James was drawn to cricket at an early age. It was, he describes, one half of a double inheritance. There was, on both sides of the family, the Puritan bequest, which translated into a generosity of spirit embodied by his aunt Judith: “whenever I went to see her, [she] fed me with that sumptuousness which the Trinidad Negroes have inherited from the old extravagant plantation owners”. The spirit of cricket was only an extension of this habit of mind. And it was a stroke of luck that his home gave on to a cricket pitch, his “window exactly behind the wicket”. Tunapuna, his hometown of 3,000 a stone’s throw from Port of Spain, was a cricket-crazy place. All in all, “a good case could be made for predestination”, he slyly writes.

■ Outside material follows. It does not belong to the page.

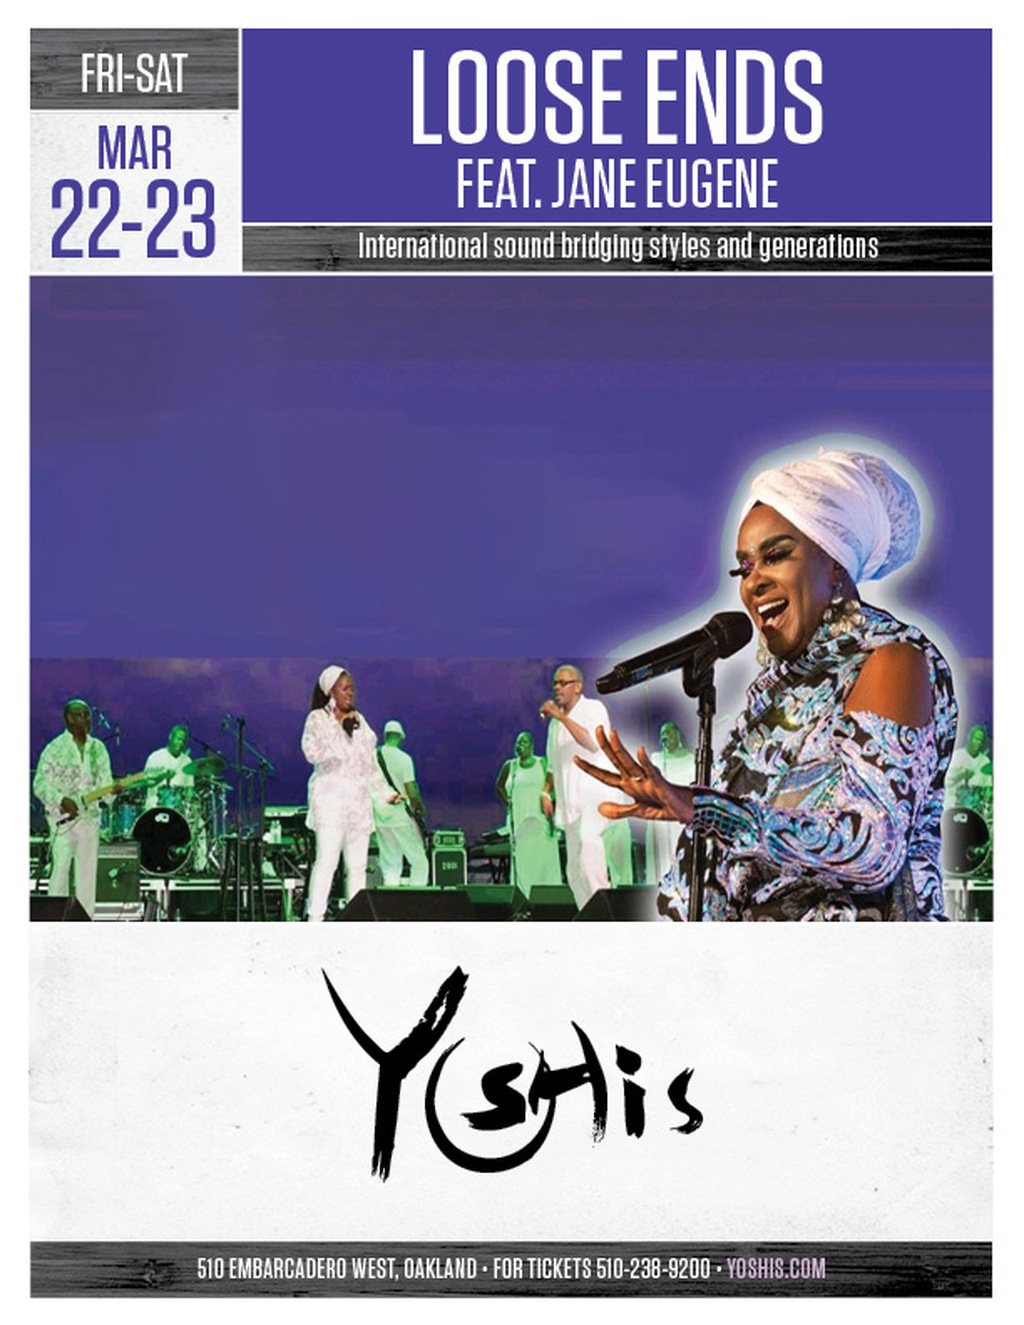 Yoshi s FRI SAI LOOSE ENDS MAR 22 23 FEAT  JANE EUGENE promotion flier on Digifli com

But the sport was also an engine for rising above hoi-polloi. It’s no secret, of course, that cricket has always been a game of certain pretensions. We immediately understand, for instance, the significance of Paul Pennyfeather’s social handicaps in Decline and Fall when he declaims, “I don’t know a word of German, I’ve had no experience, I’ve got no testimonials, and I can’t play cricket.” For James, the game furnished a certain respectability — and “respectability was not an ideal; it was an armour”. The older Jameses craved it just as the young C.L.R. did. His father saw to it that the young C.L.R. acquired the cultural capital needed to secure a spot at Queen’s Royal College, Trinidad’s Eton. There, he studied Latin and Greek under Oxbridge types, who, more importantly, “taught a code, the English public-school code”. If all of this sounds Bridesheady, it’s because it is. He took a de haut en bas view of his fellow natives, whom he disdained because they were less au fait with Burke than he was. “Intellectually I lived abroad, chiefly in England.” Vanity Fair came as a revelation: “George Osborne was the hero.” One can see the appeal of snobbery. Later in life, he would credit “Thackeray, not Marx”, for his turn to the Left.
A career path had been cut out for him: Oxford (read: prestige), lawyering (read: prosperity), political office (read: power). But the rebel had other plans. The lure of cricket wasn’t feasibly resisted. Though he would later be embarrassed by his choice, he plumped to play for Maple, the club for light-skinned West Indians. Shamrock and Queen’s Park Oval were “almost exclusively white… I would have been more easily elected to the MCC than to either.” Stingo was “plebeians: the butcher, the tailor, the candlestick maker, the casual labourer, with a sprinkling of unemployed. Totally black and no social status whatsoever.” Shannon belonged to the “black lower-middle class: the teacher, the law clerk, the worker in the printing office”. Maple, by contrast, was distinctly “brown-skinned and middle class”.